The Third Stage of Desensitization: Complacency

Blog tour is over and today I’m resuming my study of building and applying fiction guidelines. Currently the focus has been on the problem of desensitization, or the stages we pass through when our discernment is disarmed. We have already looked at the first two steps, rationalization (is evil really evil?) and justification (the end good makes a current evil okay). Today we turn to Stage 3: complacency.

A dominate attitude in today’s U.S. culture, complacency can be found wherever people congregate—schools, businesses, churches—and under a variety of labels (lukewarm spirit, laziness, indifference). But wherever it’s found or whatever the name it’s called, the modern “whatever” attitude (accompanied by the proper eye roll and one-shoulder shrug) is simply a not caring about much of anything because there’s nothing much to care about:

There is no right. There is no wrong. Good and evil are obsolete, archaic ideas, and anything goes. So why should I care what you or I do? All acts are equal, all beliefs lead the same way, and all people are alike, and anyone who thinks otherwise is out of touch with reality and can _________ (fill in your choice of words). As for what I read and watch, what difference does it make? It has no affect on me.

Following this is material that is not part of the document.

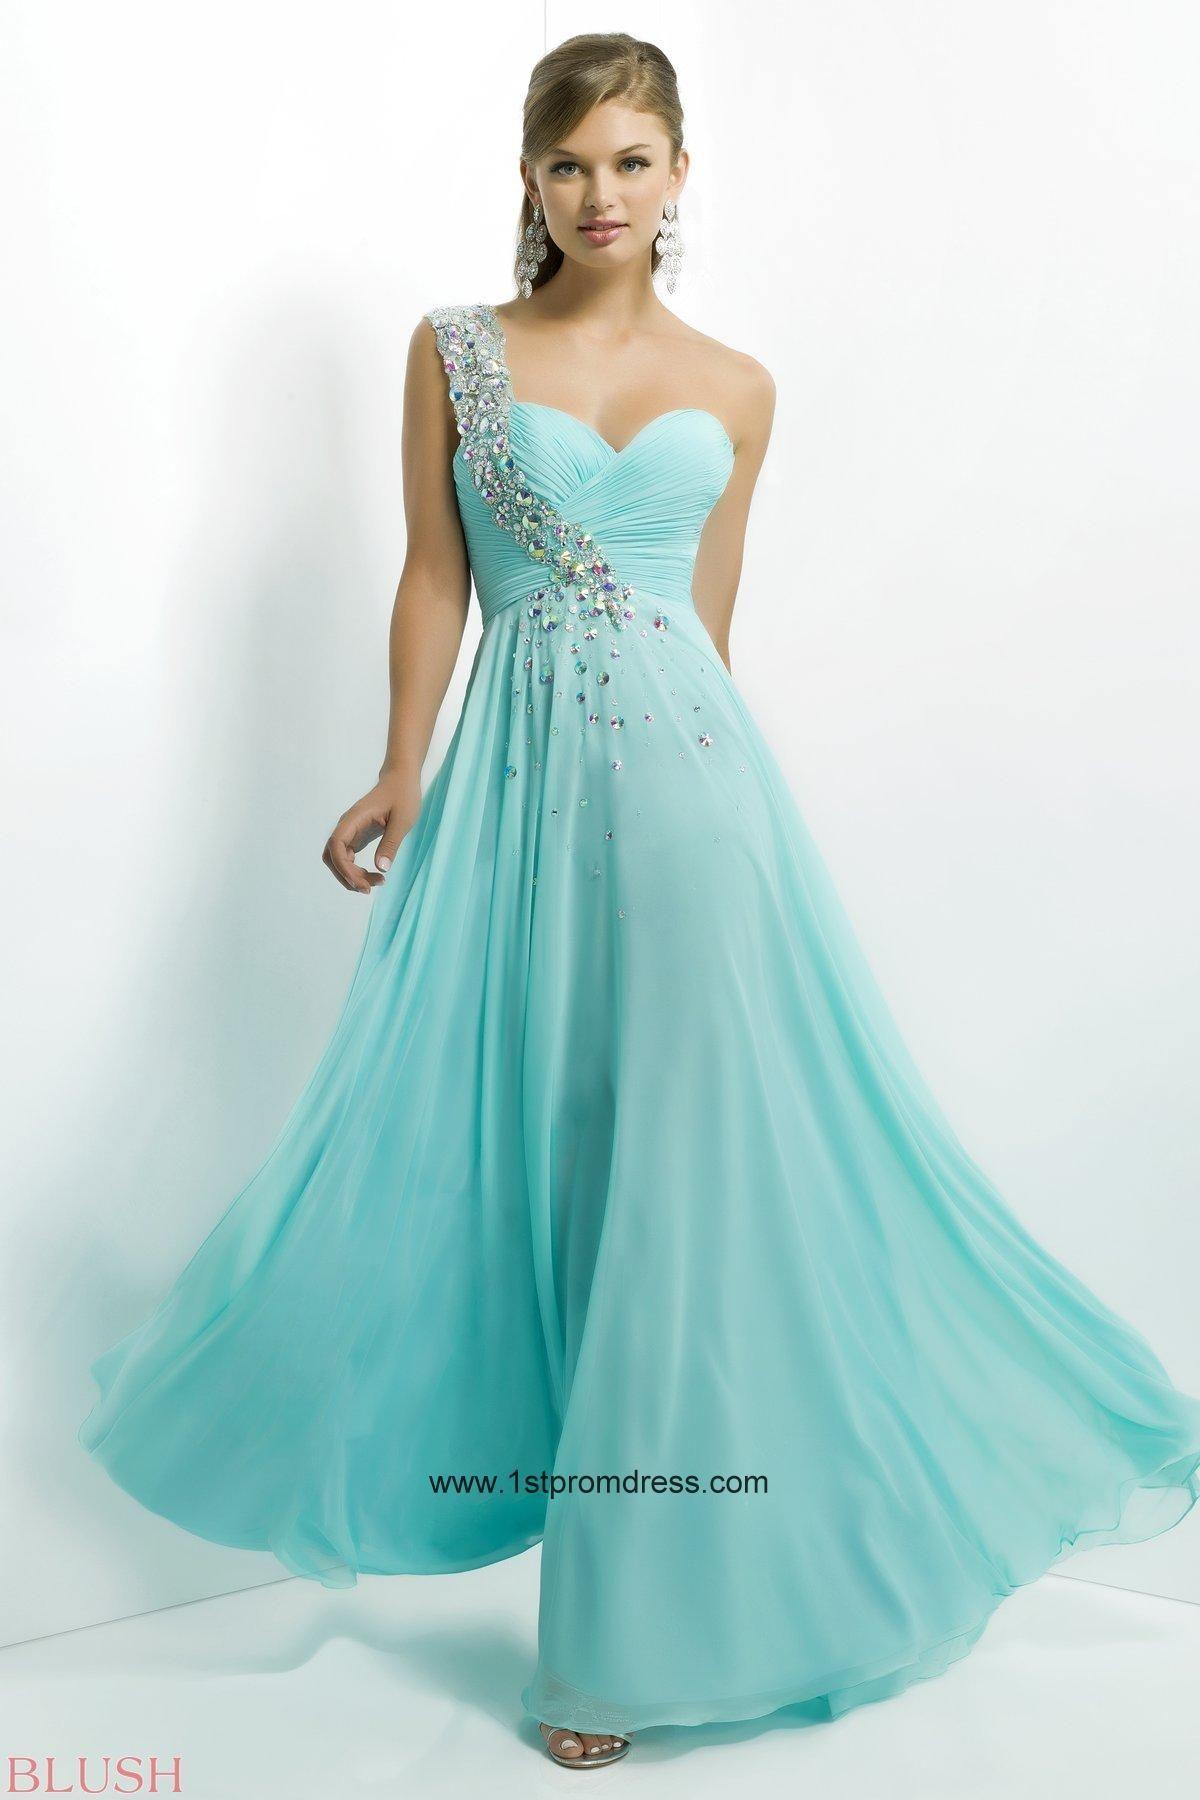 Images of Beautiful Prom Dresses - Reikian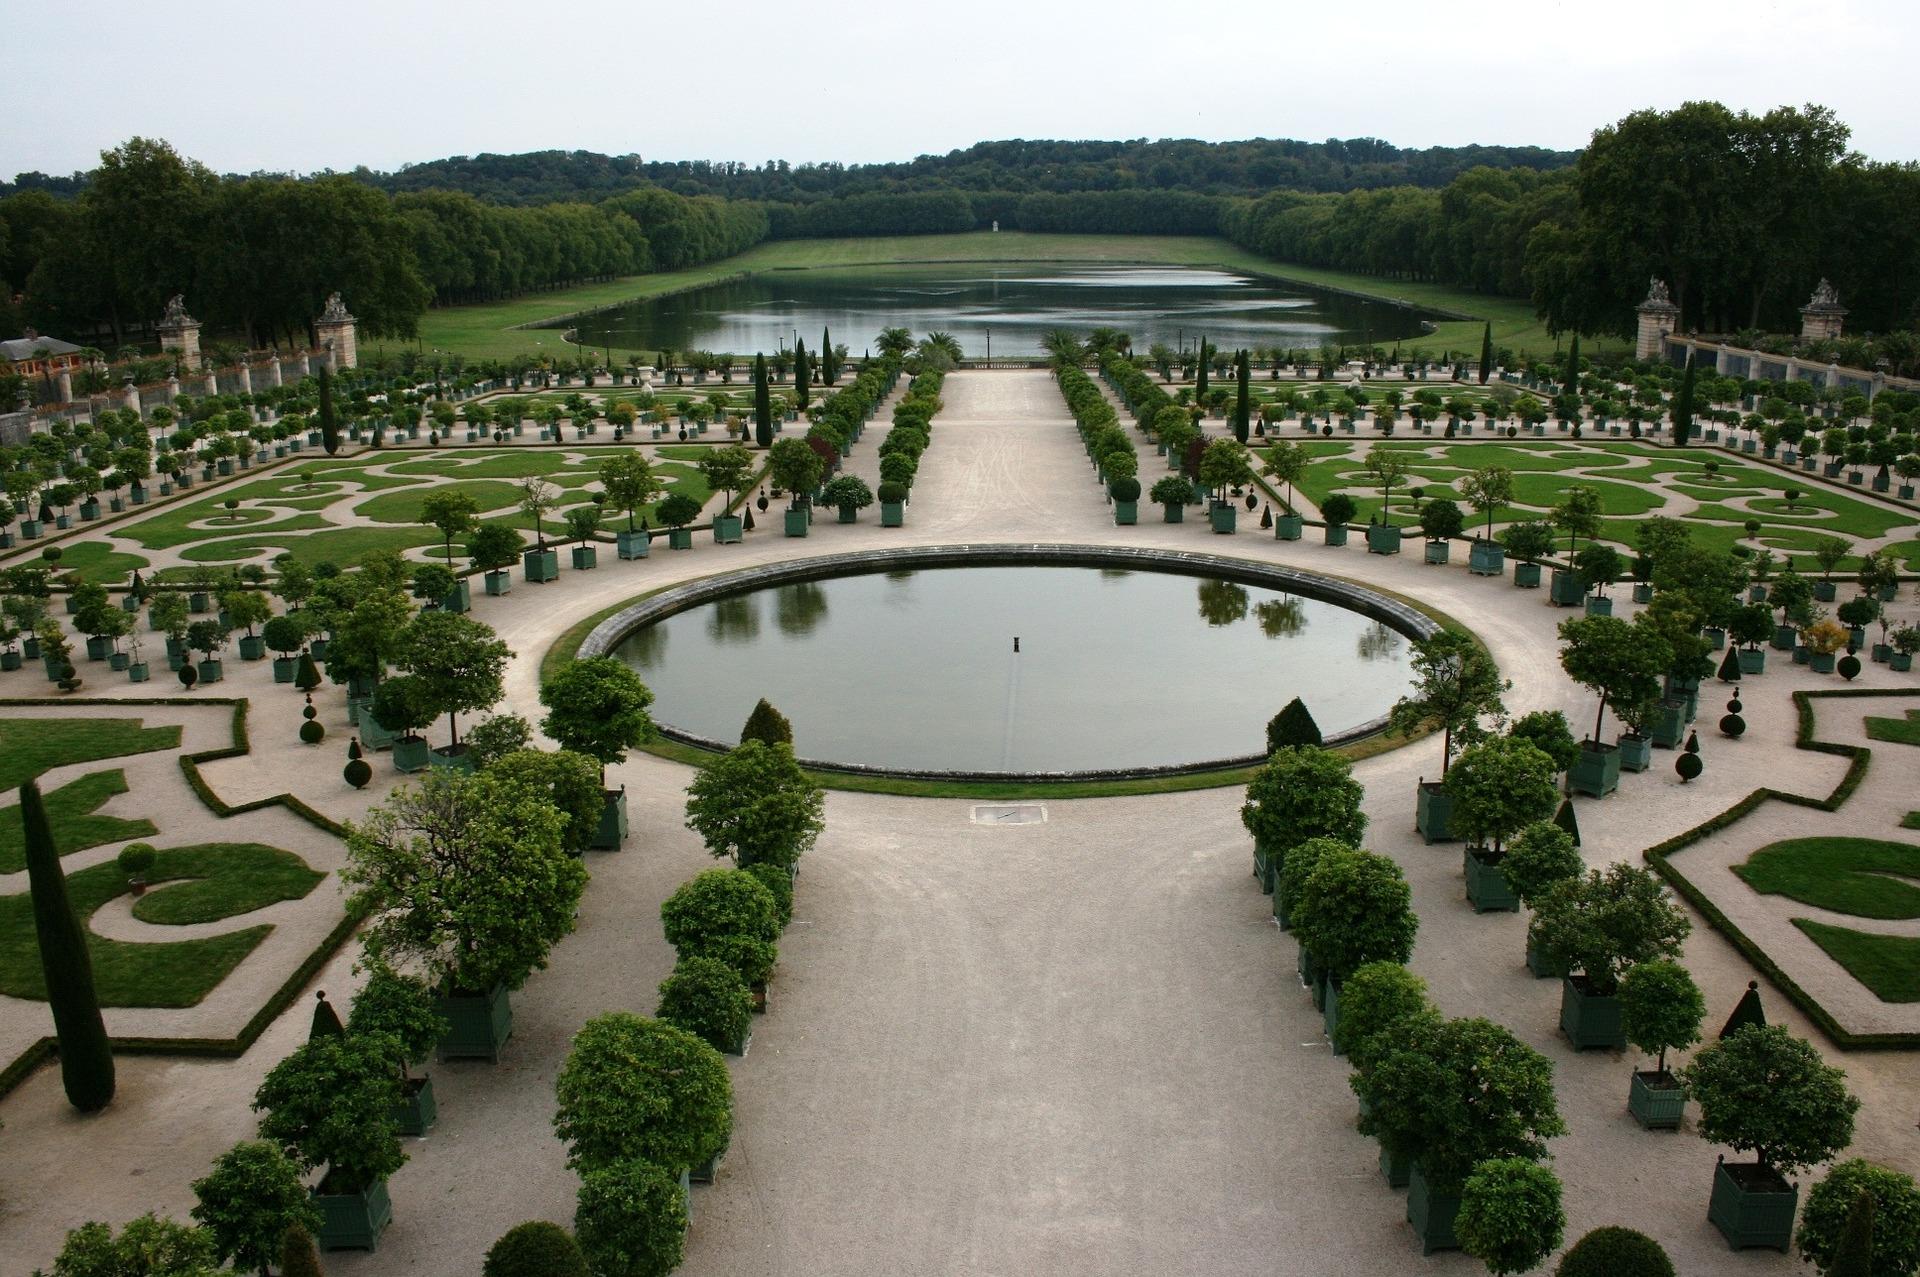 Garden of Palace of Versailles

But it does matter. There is good and evil and absolutes and right and wrong. Our actions do have consequences. We are equal in value, but not alike; each of us is uniquely made by God. And story does affect us. Whether we acknowledge this or not does not negate the truth—or make the results any less devastating. For you may tell a man dying of thirst it doesn’t matter what he drinks and you both may sincerely believe that, but whether he drinks poison or water will be the difference between life and death.